Now that we have the basic science under our belts, we can turn back to the concept of regenerative medicine…

Platelet-rich plasma (PRP)

Platelet-rich plasma (PRP) is the product of using specialized centrifuge techniques (putting the test tubes in a spinning machine) to separate platelets from whole blood (separate the blood into its different components). Platelet-rich plasma (PRP) is a suspension of concentrated platelets in a small volume of plasma (as discussed above; the liquid portion of blood). The whole process takes approximately 15 minutes and produces a platelet concentration of 3–5x that of regular blood.

Platelet-rich plasma (PRP) has been advocated as “regenerative” medical treatment. It is proposed PRP boosts are own body’s natural tissue healing and regeneration capabilities through the local introduction of increased levels (above baseline) of platelets and their associated bioactive molecules (specifically the growth factors mentioned in the inflammatory phase of wound healing, above).

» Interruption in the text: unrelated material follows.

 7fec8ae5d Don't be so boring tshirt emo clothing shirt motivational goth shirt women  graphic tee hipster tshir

In theory, the increased levels of autologous (from your own body) growth factors (GFs) and other proteins provided by the concentrated platelets may enhance the wound healing process.

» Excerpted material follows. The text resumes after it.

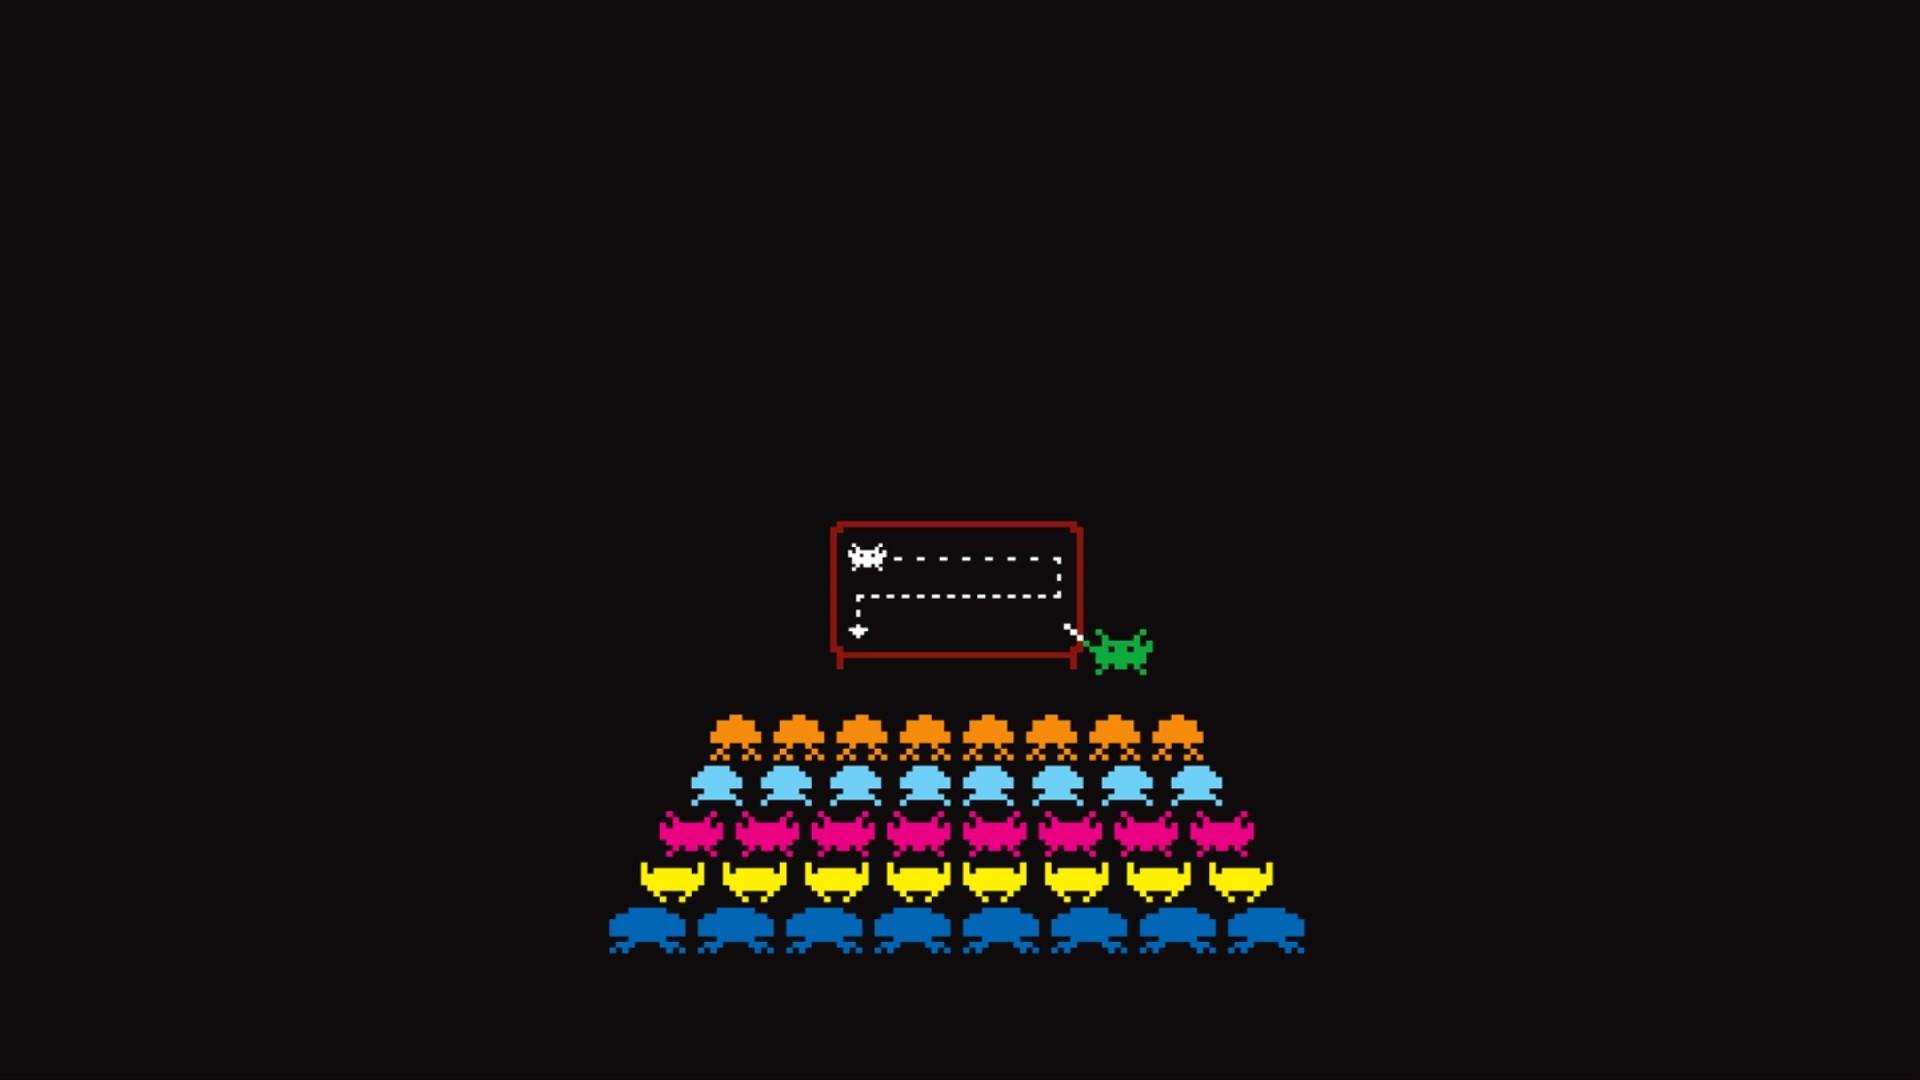 インベーダー - ゲーム ー 無料ゲーム ...

Researchers believe the primary benefit of PRP is platelets are a natural source of growth factors (GFs). Growth factors, stored within platelet α-granules, include platelet derived growth factor (PDGF), insulin like growth factor (IGF), vascular endothelial growth factor (VEGF), platelet derived angiogenic factor (PDAF), and transforming growth factor beta (TGF-β). We have learned, these growth factors help with the following components of healing:

  1. GFs help recruit reparative cells to the site of injury
  2. GFs help increase growth of little blood vessels involved in the early wound repair process (angiogenesis).
  3. GFs promote cell proliferation (replication and division of cells, or “growth),

What Conditions are Treated with PRP?

The concept of PRP is not new; autologous platelet-rich plasma has been used over the past 3 decades in dentistry, ophthalmology, maxillofacial surgery, and cosmetic surgery. Research into the efficacy of PRP for musculoskeletal disorders is ongoing. Treating tendons, ligaments and cartilage injuries with PRP is not without controversy. Even though the basic science data supporting the potential beneficial effects of growth factors (key component of PRP) in augmenting connective tissue healing is promising, the clinical benefits of using PRP to improve functional outcomes have been inconsistent.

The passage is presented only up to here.